• INFORMATION SHOWN
▬▬▬▬▬▬

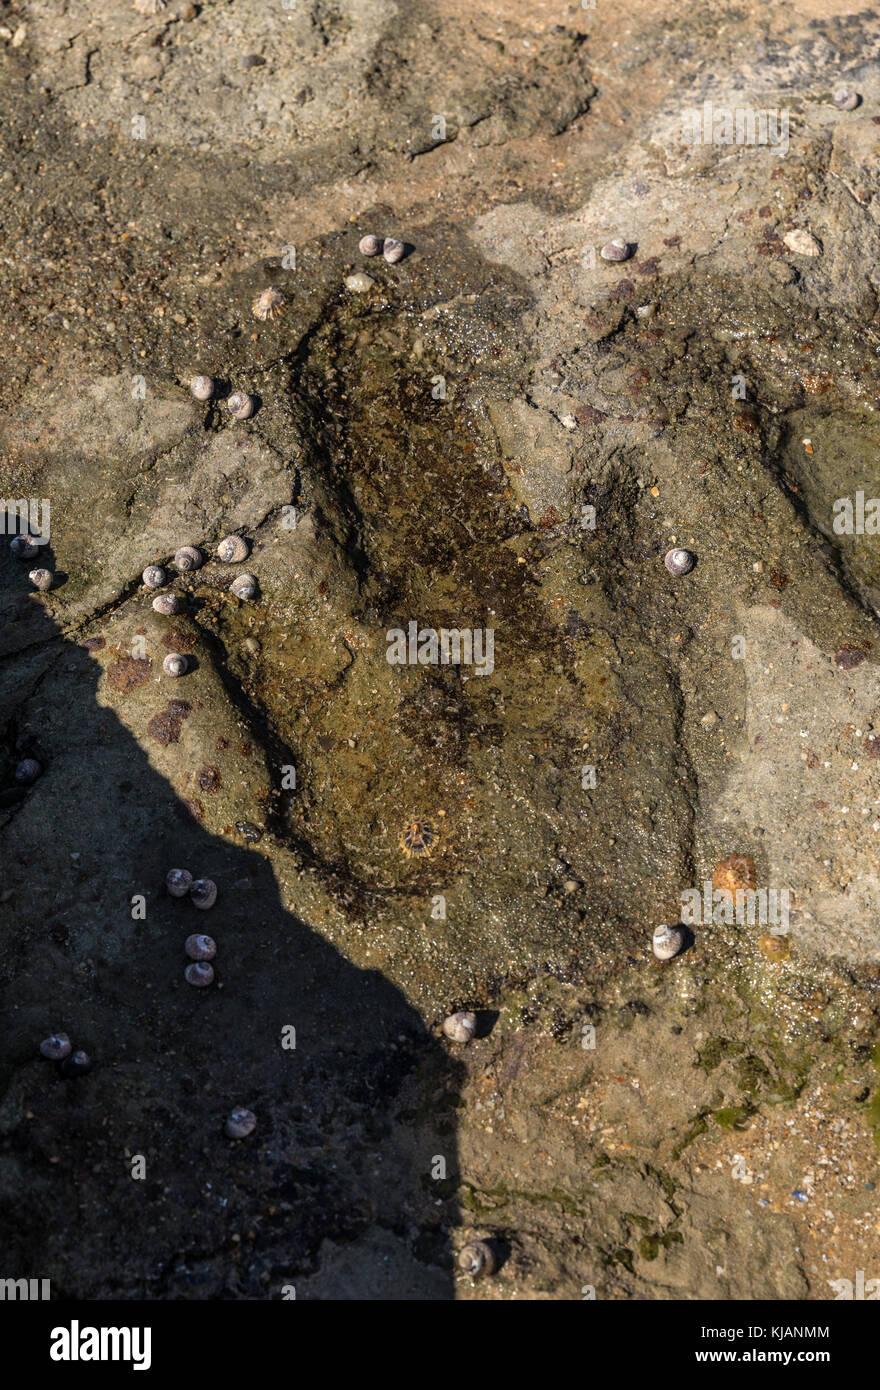 Dinosaur footprint in Talmont-Saint-Hilaire (Vendée, France) - Stock Image
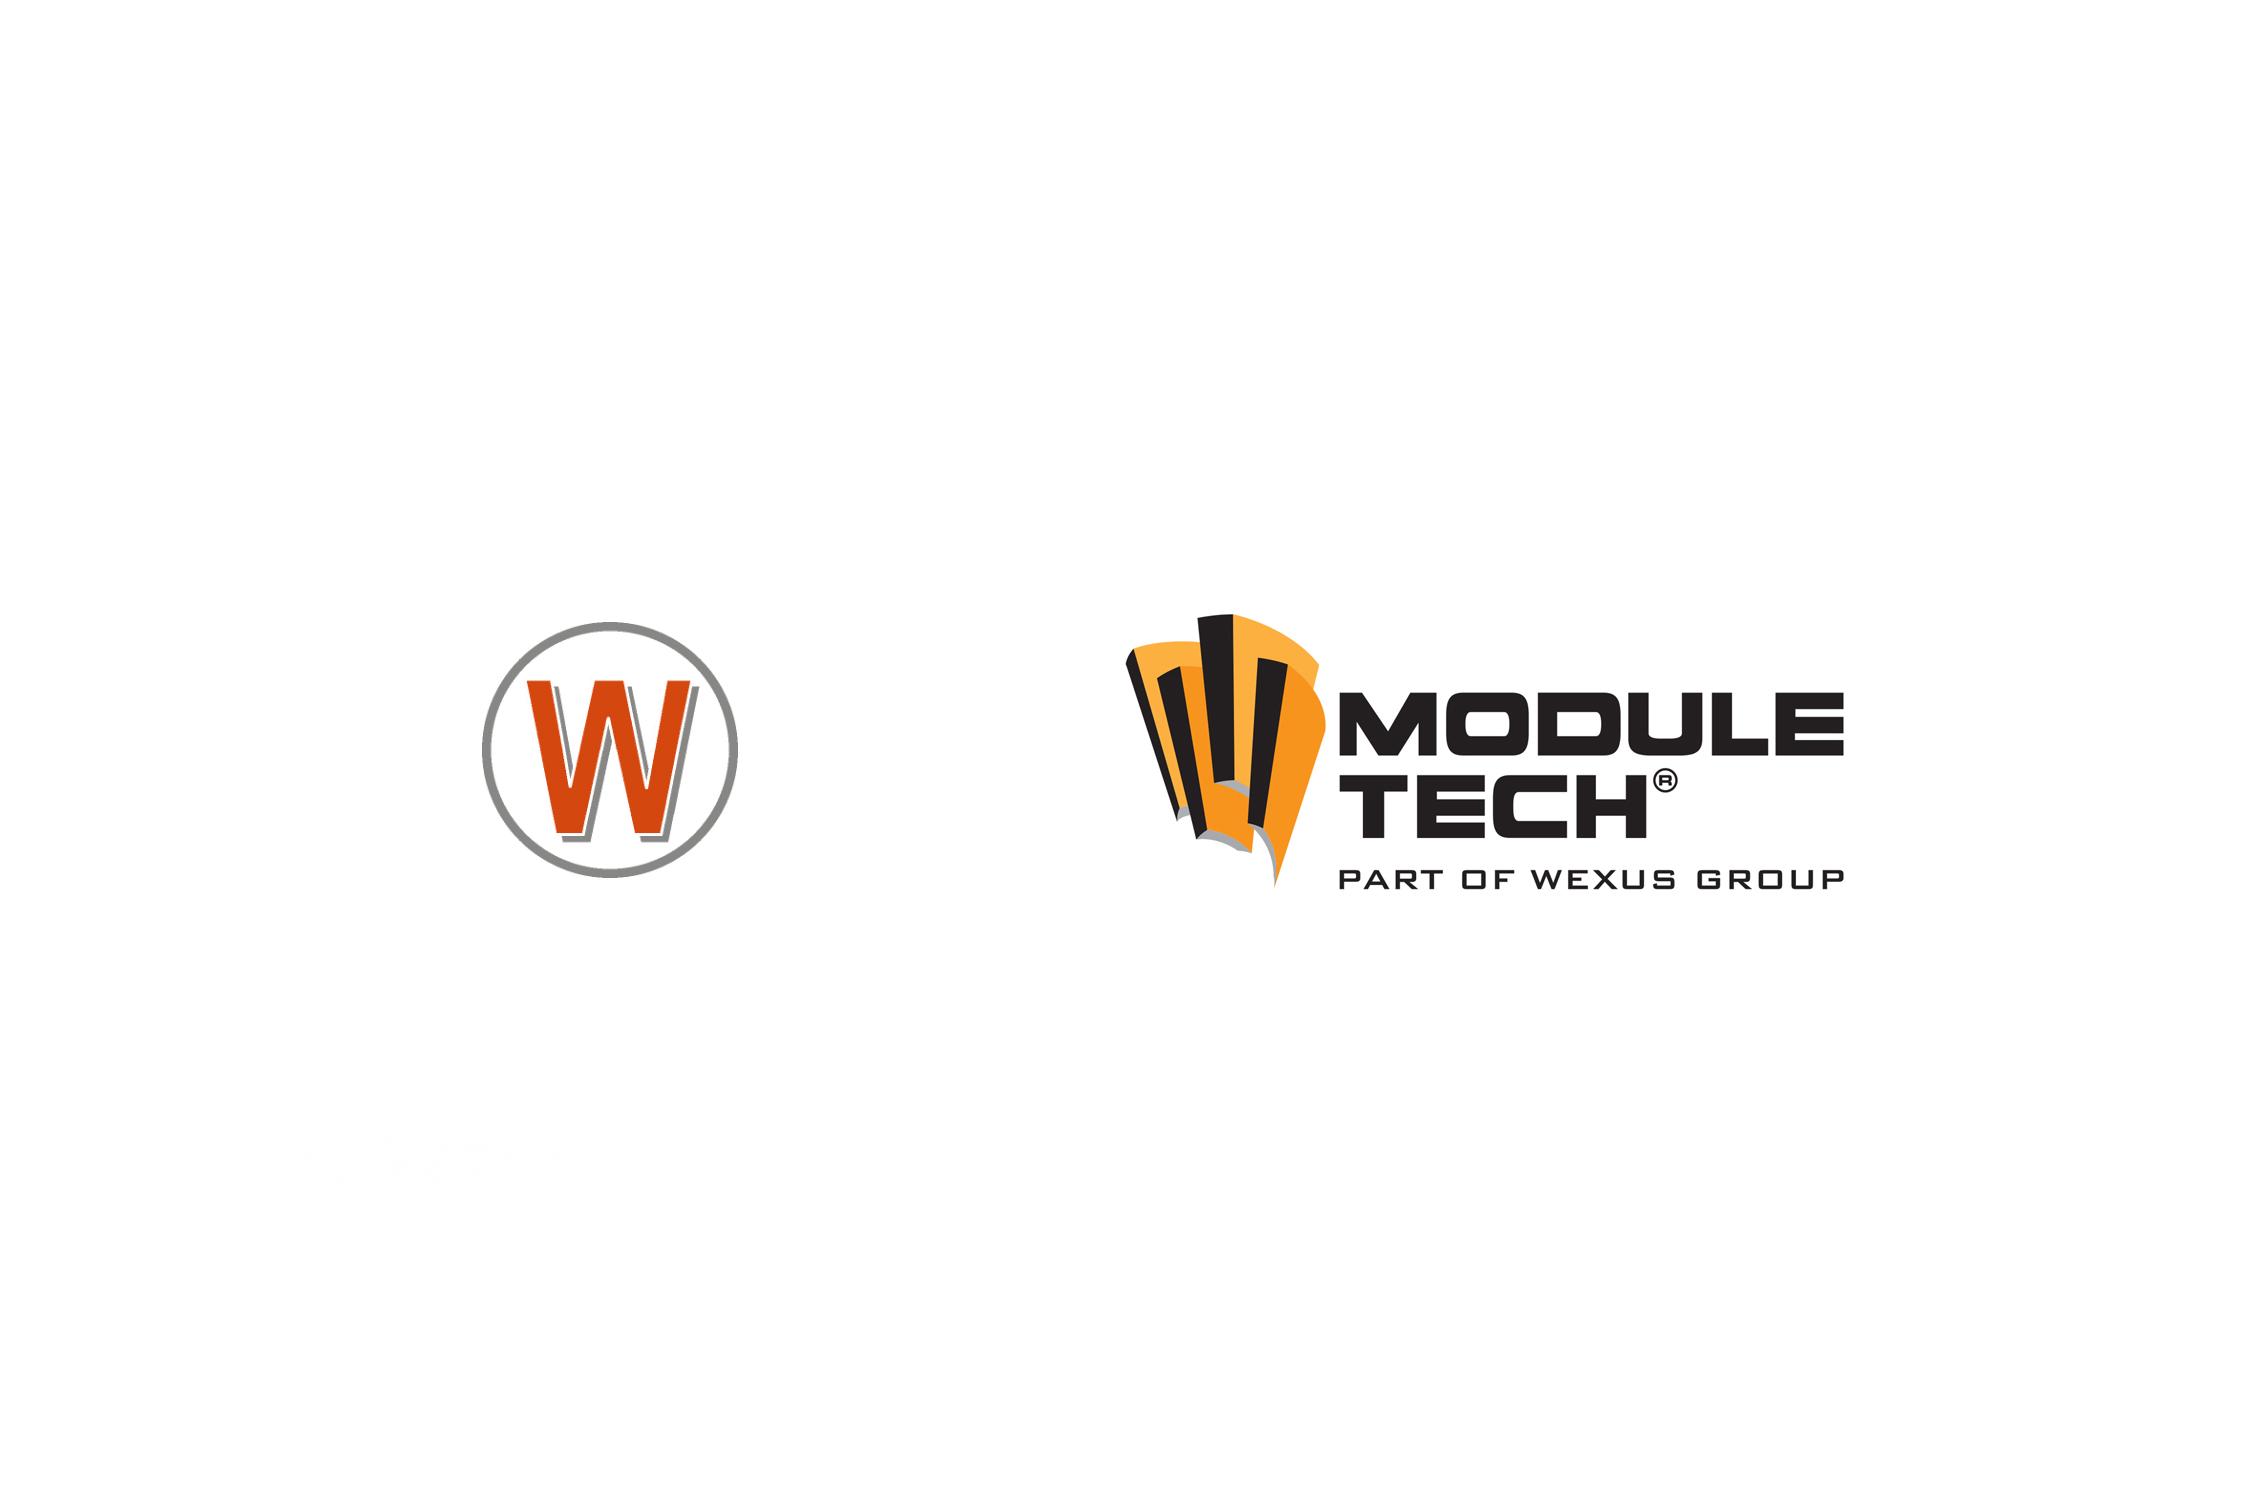 MD logo copy
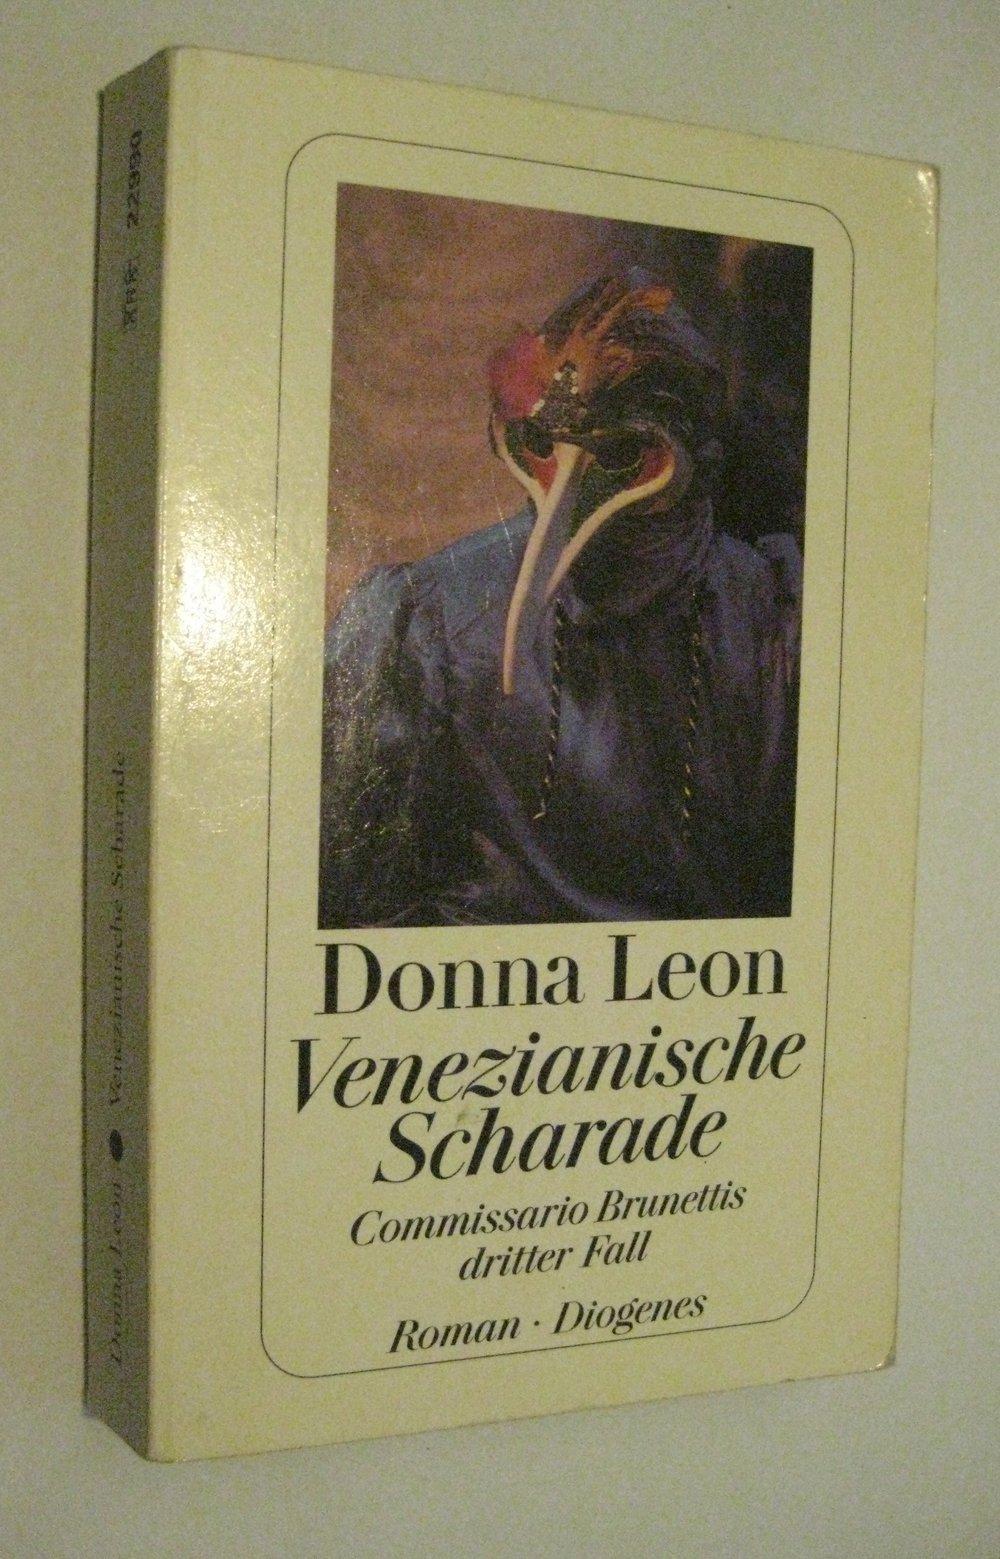 Donna Leon Venezianische Scharade

▬▬▬▬▬▬

Copy the material above word for word, images excluded.

• ANSWER FOR THIS EXERCISE
 Dinosaur footprint in Talmont-Saint-Hilaire (Vendée, France) - Stock Image
 MD logo copy
 Donna Leon Venezianische Scharade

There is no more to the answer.